Neither read store is written in the request path. Projection workers listen to the event stream and update each view independently with their own checkpoints.

📖 Why CQRS Exists: Protect Write Truth While Shaping Fast Reads

Teams usually reach for CQRS after the same failure pattern repeats: one transactional model is asked to serve invariants, dashboards, search, timelines, and external API reads all at once. The result is often lock contention on the write path, expensive joins on the read path, and emergency cache layers that hide freshness problems instead of fixing them.

In architecture reviews, CQRS should answer four operational questions before anyone sketches a read model:

  • Which business rules must stay synchronous on the write path?
  • How stale can each read surface be before users notice?
  • How will projections replay without corrupting a newer view?
  • Which signal tells on-call that reads are behind before support tickets arrive?
Pressure on the systemCQRS responseWhat operators still need
Heavy read fan-out hurts write latencySeparate query store optimized for access patternsFreshness budget per read surface
Search and timelines need denormalized viewsProjection workers build purpose-fit modelsReplay checkpoints and backfill runbook
Write invariants must stay strictCommand side remains the only source of truthClear rule that queries never invent state
Different teams own different read workloadsIndependent projections per domain consumerOwnership for lag, schema, and recovery

🔍 The Boundary Model: Command Side, Event Stream, Projection Side

At a practical level, CQRS is not just two databases. It is a contract about where truth is written and how derivative views are built.

Building blockResponsibilityFailure to avoid
Command API and validatorsEnforce invariants and reject invalid state transitionsAllowing read-side shortcuts to mutate source-of-truth data
Transactional write storeCommit the durable business truthHiding partial writes behind async cleanup
Outbox or change streamPublish committed change events exactly once from the write boundaryDual-writing query stores in the request path
Projection workersConvert events into read-optimized views with checkpointsLosing ordering, checkpoints, or idempotency

📊 Command-Query Split: Write Side vs Read Side

flowchart LR
  subgraph Write Side
    CMD[Command] --> CH[Command Handler]
    CH --> WDB[(Write Store)]
    WDB --> OBX[Outbox / CDC]
  end
  subgraph Read Side
    OBX --> PW[Projection Worker]
    PW --> RDB[(Query Store)]
    RDB --> QH[Query Handler]
    QH --> QRY[Query Response]
  end

This flowchart draws the CQRS architectural boundary in its simplest form: commands flow through a handler to a write store, and a projection worker asynchronously propagates committed changes to a separate query store that serves read responses. The critical visual detail is that the outbox or CDC mechanism sits at the boundary between the write and read subgraphs, making the write-to-read propagation explicit and decoupled. The takeaway is that the query store is always a derivative view — it has no write authority and no business logic, only materialized projections of what the write side has already committed.
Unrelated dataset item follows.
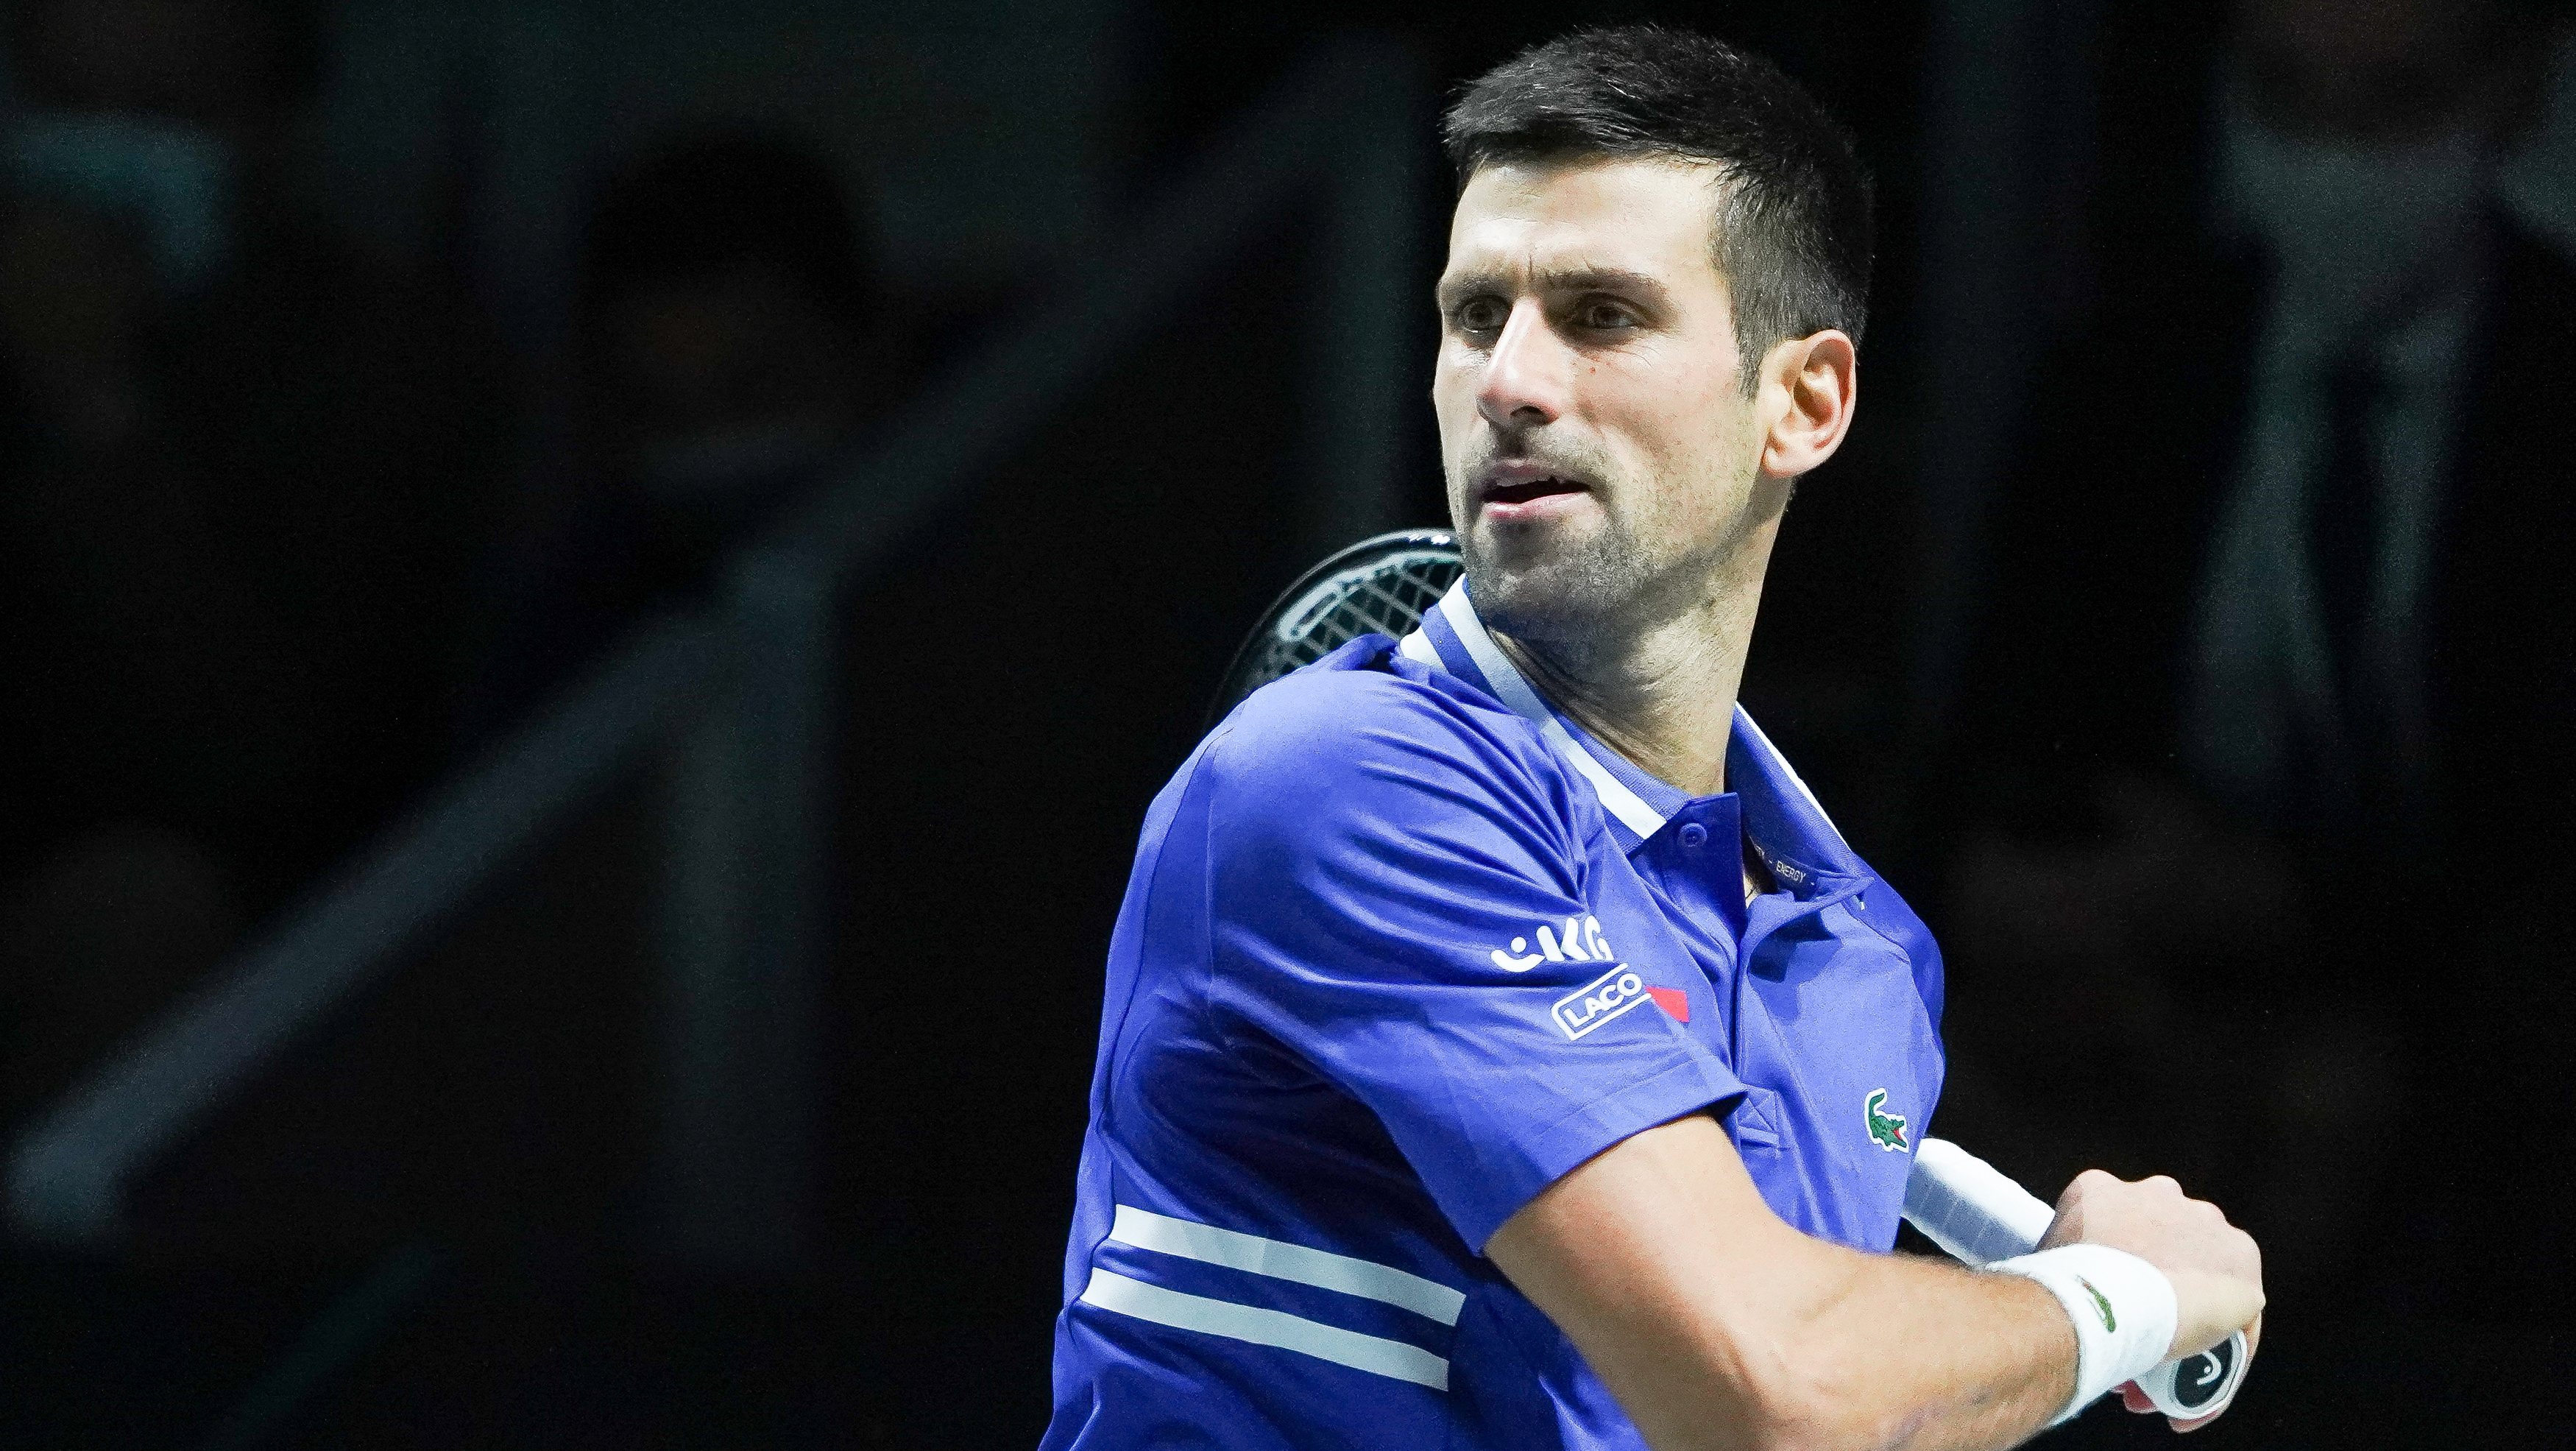 Caso jogue o Open da Austrália, Djokovic poderá tornar-se o jogador com mais vitórias em torneios do Grand Slam

⚙️ How the Write Path and Read Path Stay Separate

A healthy CQRS flow looks boring on purpose:

  1. The command handler validates the requested state change against current write-side rules.
  2. The transaction commits the write and records an outbox event or change record in the same durability boundary.
  3. A relay publishes that committed event to projection workers.
  4. Each projection updates its own read model with a checkpoint or last-event watermark.
  5. Queries read from the specialized store and expose freshness if they are allowed to be slightly behind.
Control pointWhat it protectsCommon mistake
Write authorityBusiness invariants stay in one placeLetting query code bypass validation
Outbox or change streamWrite commit and event emission stay atomicPublishing to the bus before the transaction commits
Projection checkpointReplay stays monotonic and resumableReprocessing old events without ordering guardrails

📊 Write Side Sequence: Command to Projection

sequenceDiagram
  participant C as Client
  participant CA as Command API
  participant CH as Command Handler
  participant WS as Write Store
  participant OB as Outbox
  participant PW as Projection Worker
  C->>CA: POST /orders (command)
  CA->>CH: validate and handle
  CH->>WS: commit to write store
  WS->>OB: record outbox event (atomic)
  OB->>PW: relay committed event
  PW->>PW: update read model with checkpoint
  CA-->>C: 202 Accepted

This sequence diagram traces a single command from the client through validation, transactional commit, outbox recording, and projection update. The key design detail is that the write store records the outbox event in the same transaction as the business write, ensuring the projection worker never misses a change even if the relay crashes between commit and publish. The takeaway is that atomicity between the write and the outbox entry is what makes CQRS eventually consistent rather than occasionally lost.

📊 Read Side Sequence: Query to Response

sequenceDiagram
  participant C as Client
  participant QA as Query API
  participant RM as Read Model
  participant QS as Query Store
  C->>QA: GET /orders/timeline
  QA->>RM: query read model
  RM->>QS: fetch from query store
  QS-->>RM: projection data
  RM-->>QA: shaped response
  QA-->>C: timeline response (may lag write by seconds)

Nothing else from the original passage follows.